Received: 2 February 2012

Accepted: 12 July 2012

Published: 23 August 2012

Open Peer Review reports

Abstract

Background

The renin-angiotensin-aldosterone system (RAAS) plays an important role in the progression of chronic kidney disease (CKD). Although dual RAAS inhibition results in worse renal outcomes than monotherapy in high risk type 2 diabetes patients, the effect of dual RAAS inhibition in patients with non-DM CKD is unclear. The aim of this study was to evaluate the potential renoprotective effect of add-on direct renin inhibitor in non-DM CKD patients.

Methods

We retrospectively enrolled 189 non-DM CKD patients who had been taking angiotensin II receptor blockers (ARBs) for more than six months. Patients were divided into an add-on aliskiren group and an ARB monotherapy group. The primary outcomes were a decline in glomerular filtration rate (GFR) and a reduction in urinary protein-to-creatinine ratio at six months.

Results

The baseline characteristics of the two groups were similar. Aliskiren 150 mg daily reduced the urinary protein-to-creatinine ratio by 26% (95% confidence interval, 15 to 37%; p < 0.001). The decline in GFR was smaller in the add-on aliskiren group (−2.1 vs. -4.0 ml/min, p = 0.038). Add-on aliskiren had a neutral effect on serum potassium in the non-DM CKD patients. In subgroup analysis, the proteinuria-reducing effect of aliskiren was more prominent in patients with a GFR less than 60 ml/min, and in patients with a urinary protein-to-creatinine ratio greater than 1.8. The effect of aliskiren in retarding the decline in GFR was more prominent in patients with hypertensive nephropathy than in those with glomerulonephritis.

Conclusion

Add-on direct renin inhibitor aliskiren (150 mg daily) safely reduced proteinuria and attenuated the decline in GFR in the non-DM CKD patients who were receiving ARBs.

Keywords

Aliskiren Direct renin inhibitor Proteinuria CKD

Background

The pathogenesis of chronic kidney disease is multifactorial, and the renin-angiotensin aldosterone system (RAAS) is known to play an important role. The RAAS is the best known regulator of blood pressure (BP), fluid and electrolyte balance through coordinated effects on the heart, blood vessels, and kidneys [1]. When over-activated, the RAAS activates a number of pathways and contributes to the onset and progression of chronic renal damage [2]. Proteinuria is one of the most common findings in chronic kidney disease (CKD) [3]. The amount of urine protein is positively associated with glomerulopathy and tubulointerstitium damage, and is the strongest prognostic factor for renal outcomes in CKD patients [4, 5]. Inhibition of the RAAS by angiotensin-converting enzyme (ACE) inhibitors or angiotensin II receptor blockers (ARBs) prevents the progression of CKD in both diabetic and non-DM patients [612]. However, in patients with vascular disease or high risk diabetes, dual RAAS inhibition through a combination of ACE inhibitors and ARBs is associated with more adverse events without an increase in benefits compared to monotherapy, as shown by the ONTARGET trial [12]. The ALTITUDE clinical trial attempted to evaluate the potential renoprotective effect of the add-on direct renin inhibitor (DRI) aliskiren in high risk type 2 DM patients who were already taking ACE inhibitors or ARBs, [13] however the trial was terminated early because of adverse events.
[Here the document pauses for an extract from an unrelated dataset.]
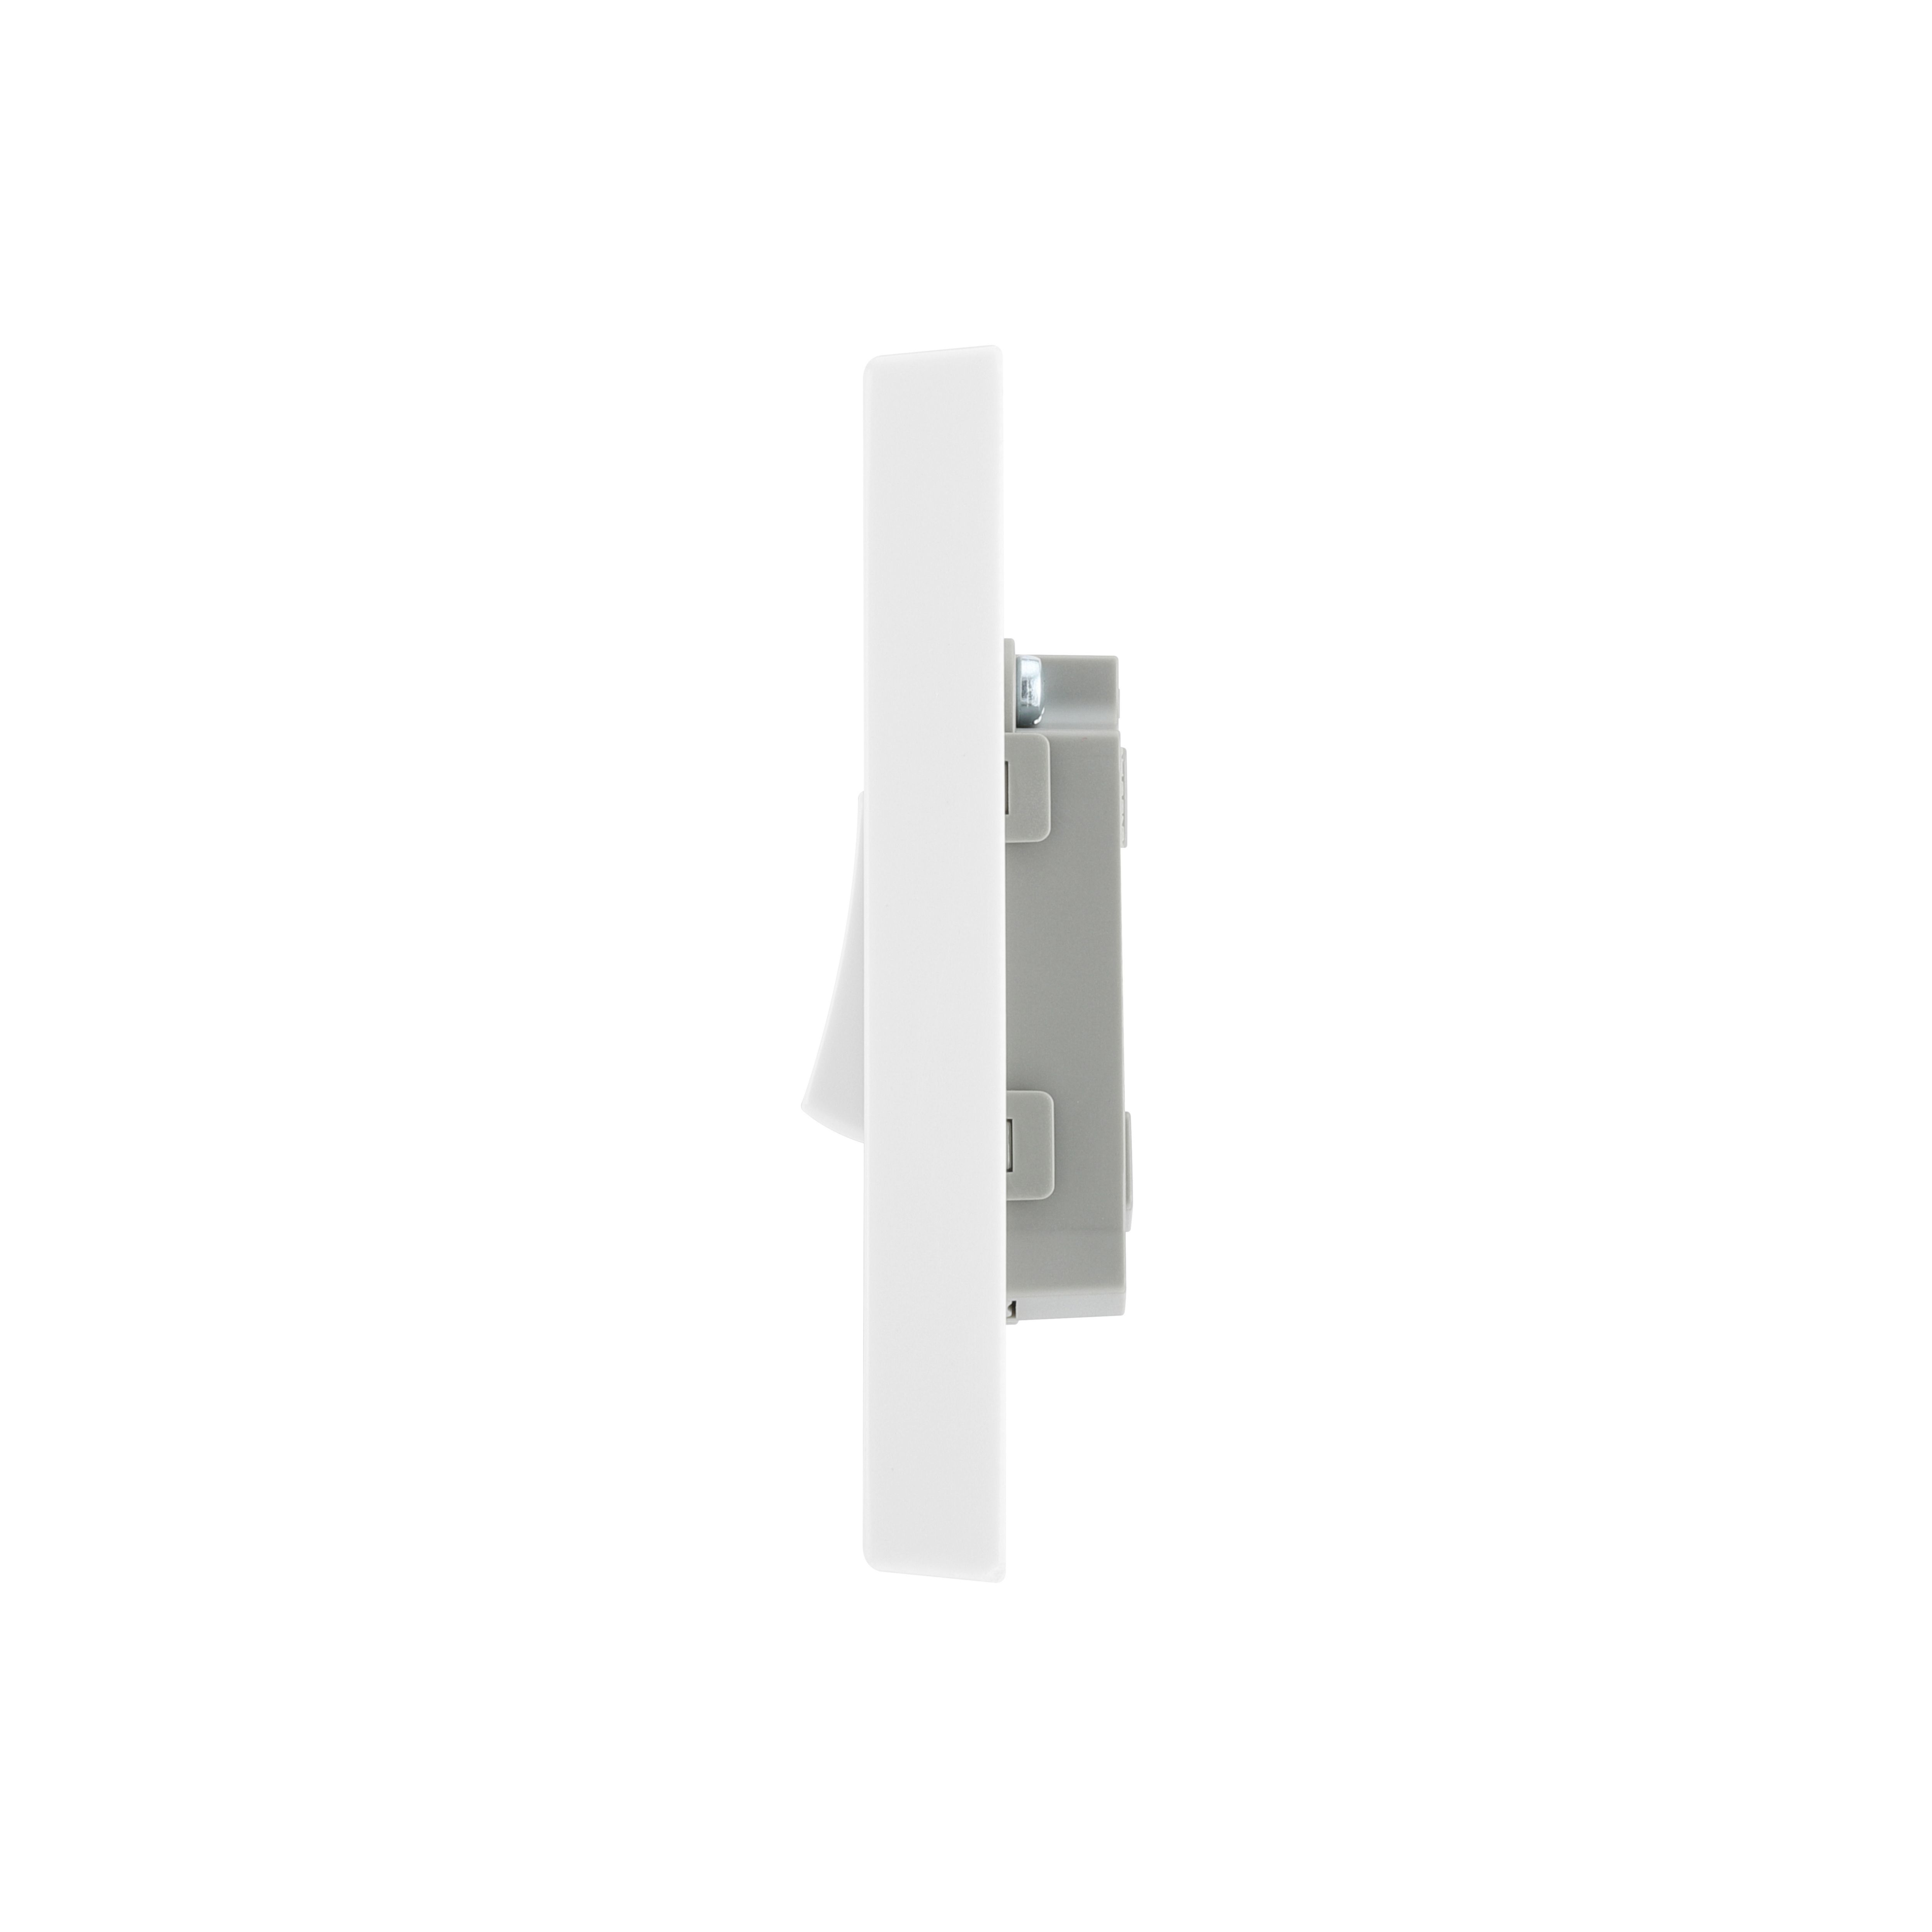 BG White 20A 1 way 1 gang Light Switch, Pack of 5

These two clinical trials clearly indicated that dual RAAS inhibition is not suitable for high risk type 2 DM patients. In contrast, the effect of dual RAAS inhibition in non-DM patients was still unclear. Although the use of add-on DRIs has been shown to be renoprotective in various animal models of non-DM kidney disease, [12, 1417] the clinical implications are still unclear. The aim of current study, therefore, was to evaluate the potential renoprotective effect of the add-on direct renin inhibitor aliskiren in non-DM CKD patients who were already receiving ARB treatment.

Methods

Study population

This retrospective study was approved by the Institutional Review Board of Taipei Veterans General Hospital. We enrolled patients who were included in the chronic kidney disease care program at Taipei Veterans General Hospital between March 1, 2010 and April 30, 2011. The CKD care program was launched by the Taiwan Health Promotion Bureau [18]. This program organizes nephrologists, renal nurses and dieticians into a multidisciplinary team to care for CKD patients with the goals of education and clinical protocols. Every patient undergoes regular follow-up visits with clinical evaluation, laboratory examinations, nursing and dietary education every 1–3 months. The CKD care program improves the quality of pre-ESRD care and reduces medical costs [19].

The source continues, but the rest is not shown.